Work order: Retype all data exactly as given. Pictures should not be retyped.

Data block:
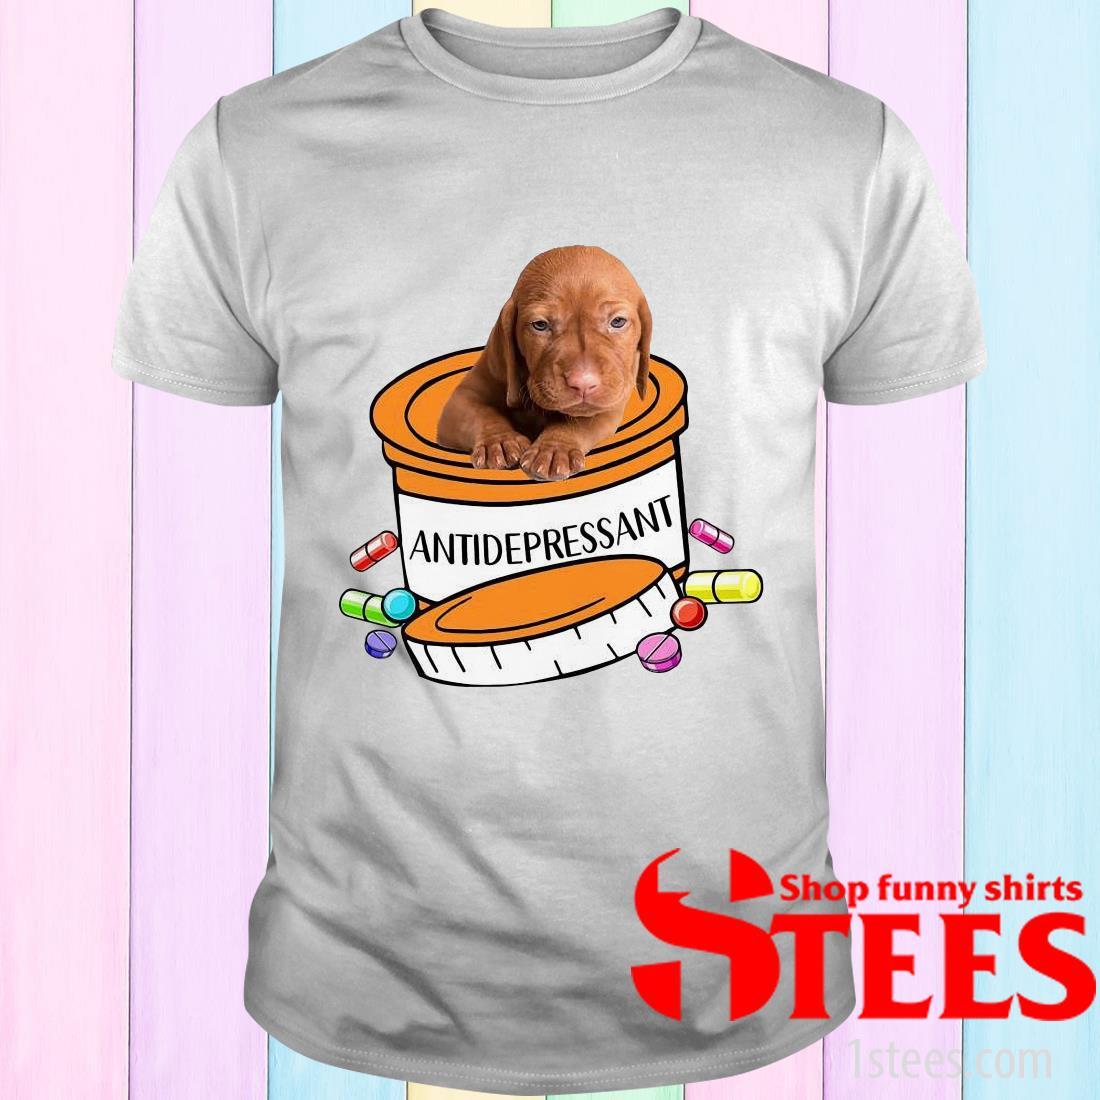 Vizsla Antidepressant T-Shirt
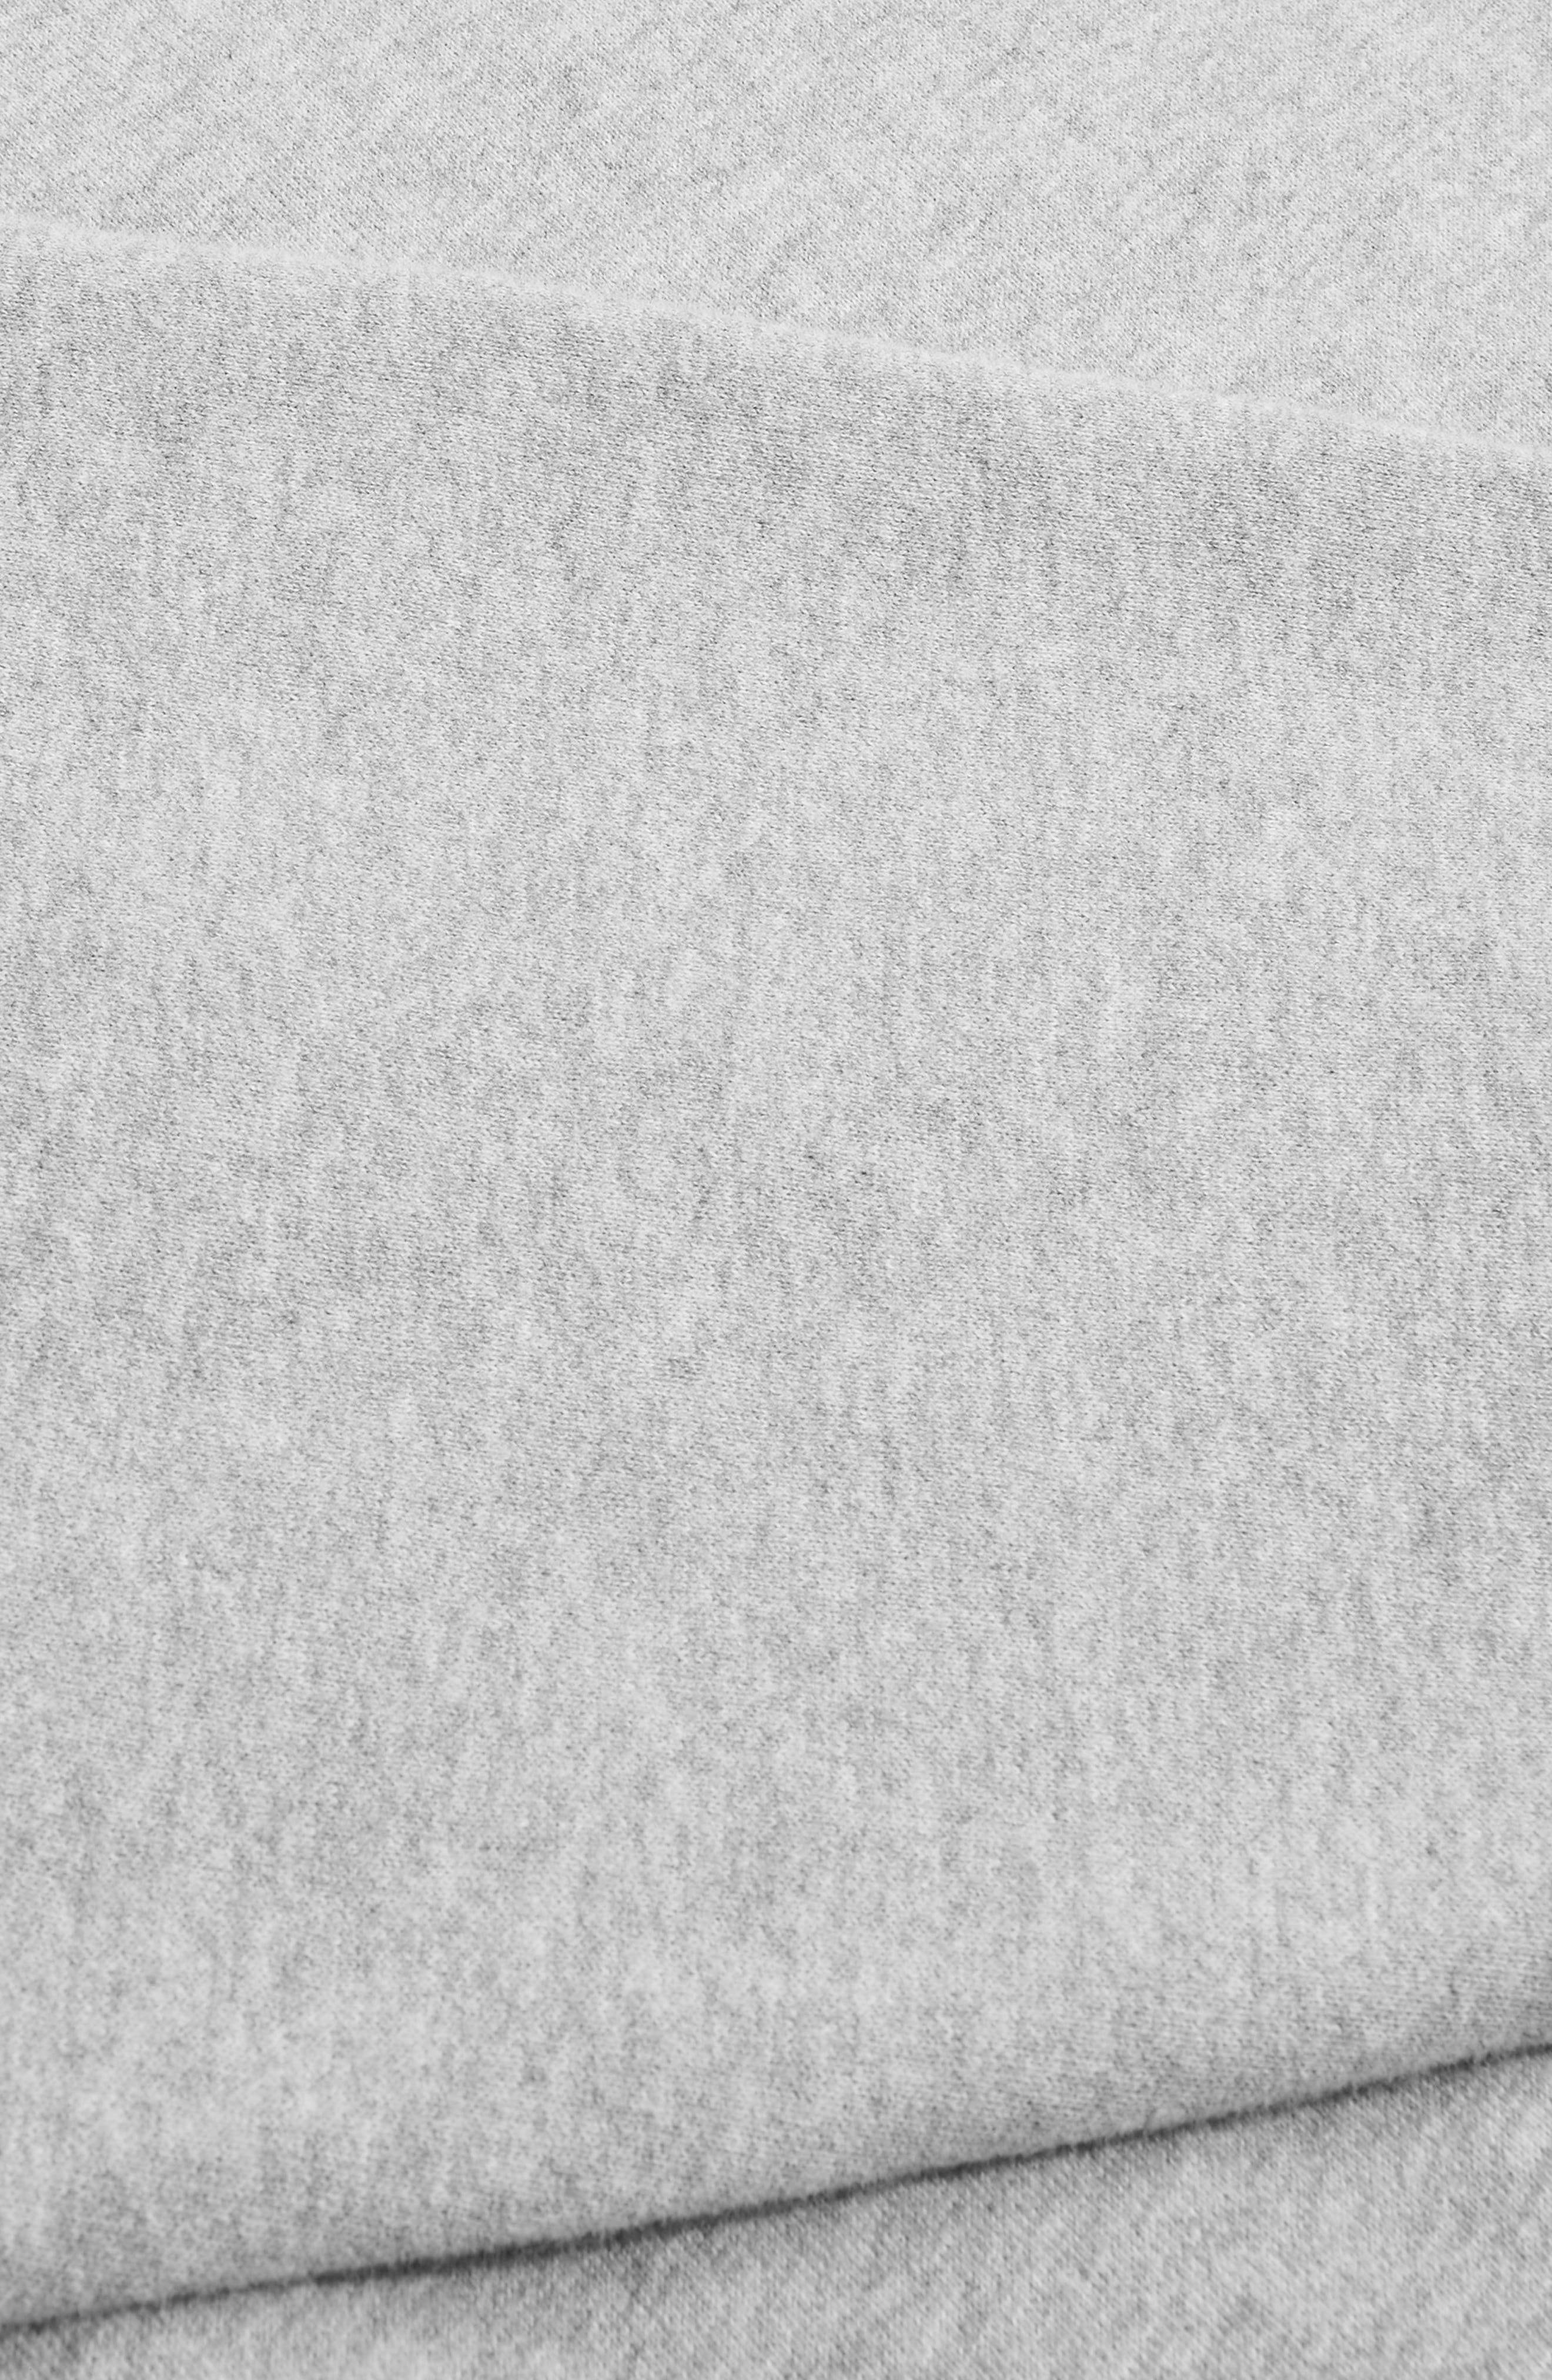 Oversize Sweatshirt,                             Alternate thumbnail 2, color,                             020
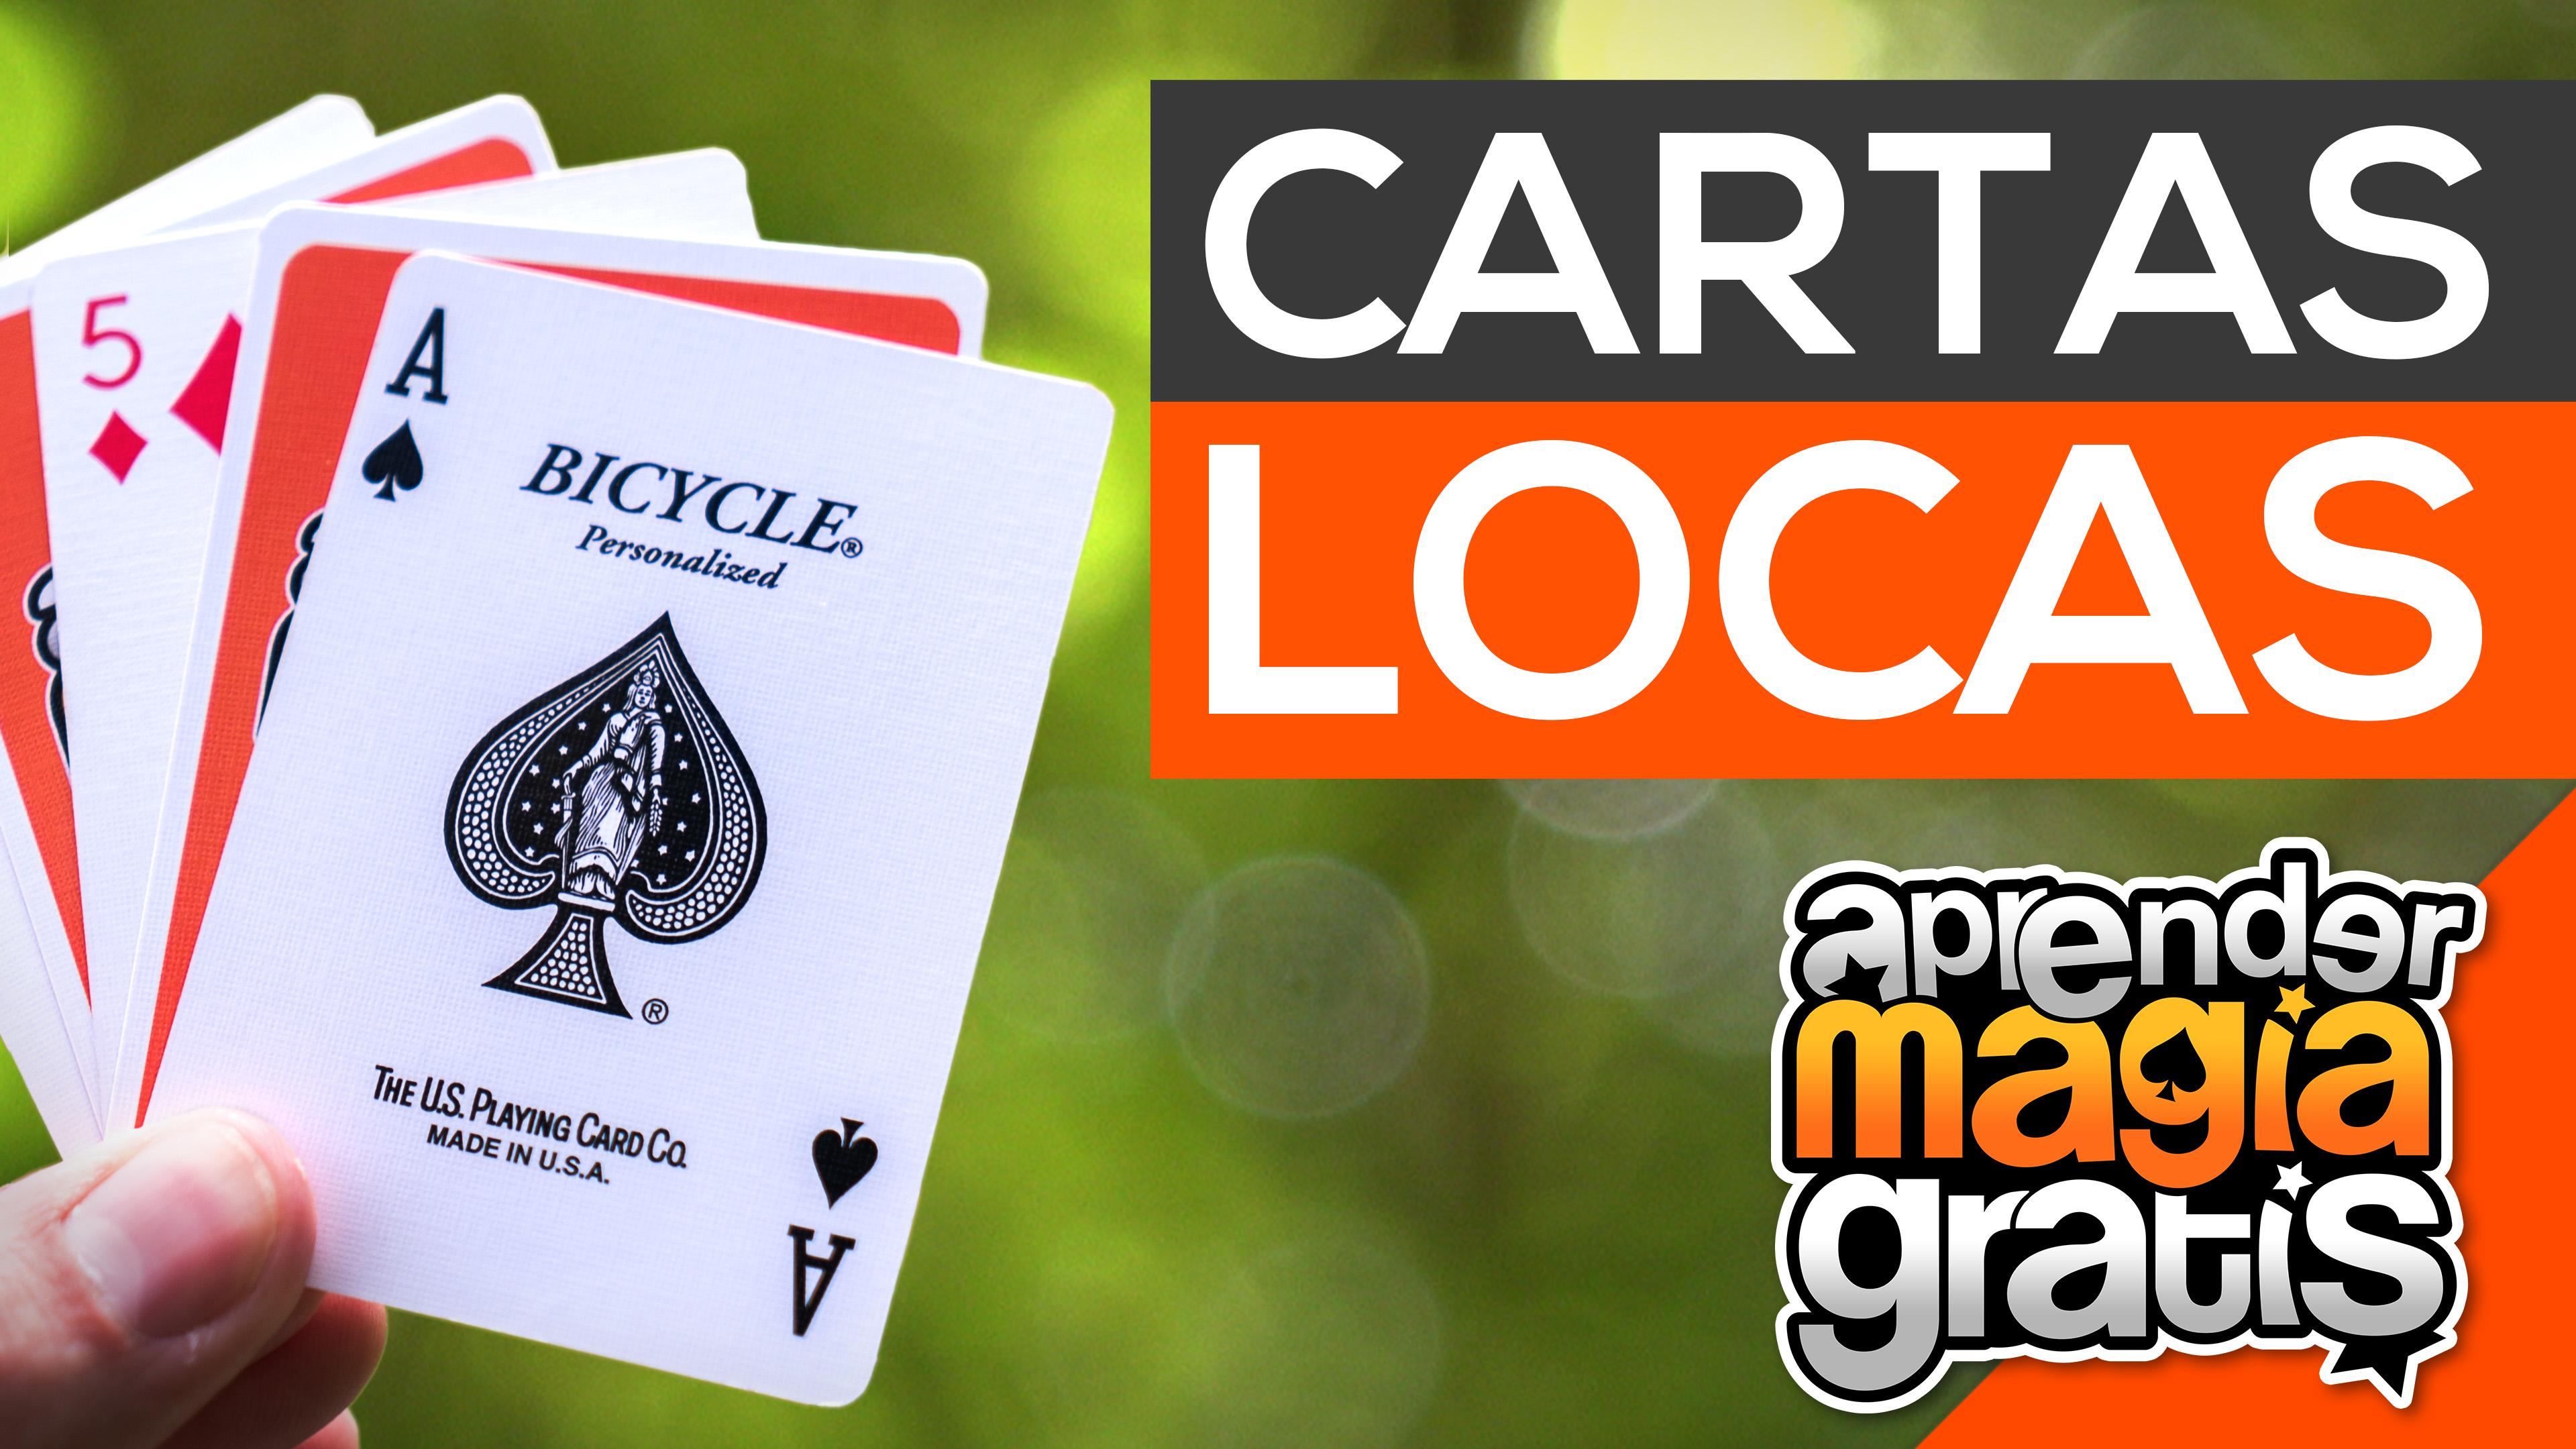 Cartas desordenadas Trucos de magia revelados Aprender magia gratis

Task response:
 Vizsla Antidepressant T-Shirt
 Oversize Sweatshirt,                             Alternate thumbnail 2, color,                             020
 Cartas desordenadas Trucos de magia revelados Aprender magia gratis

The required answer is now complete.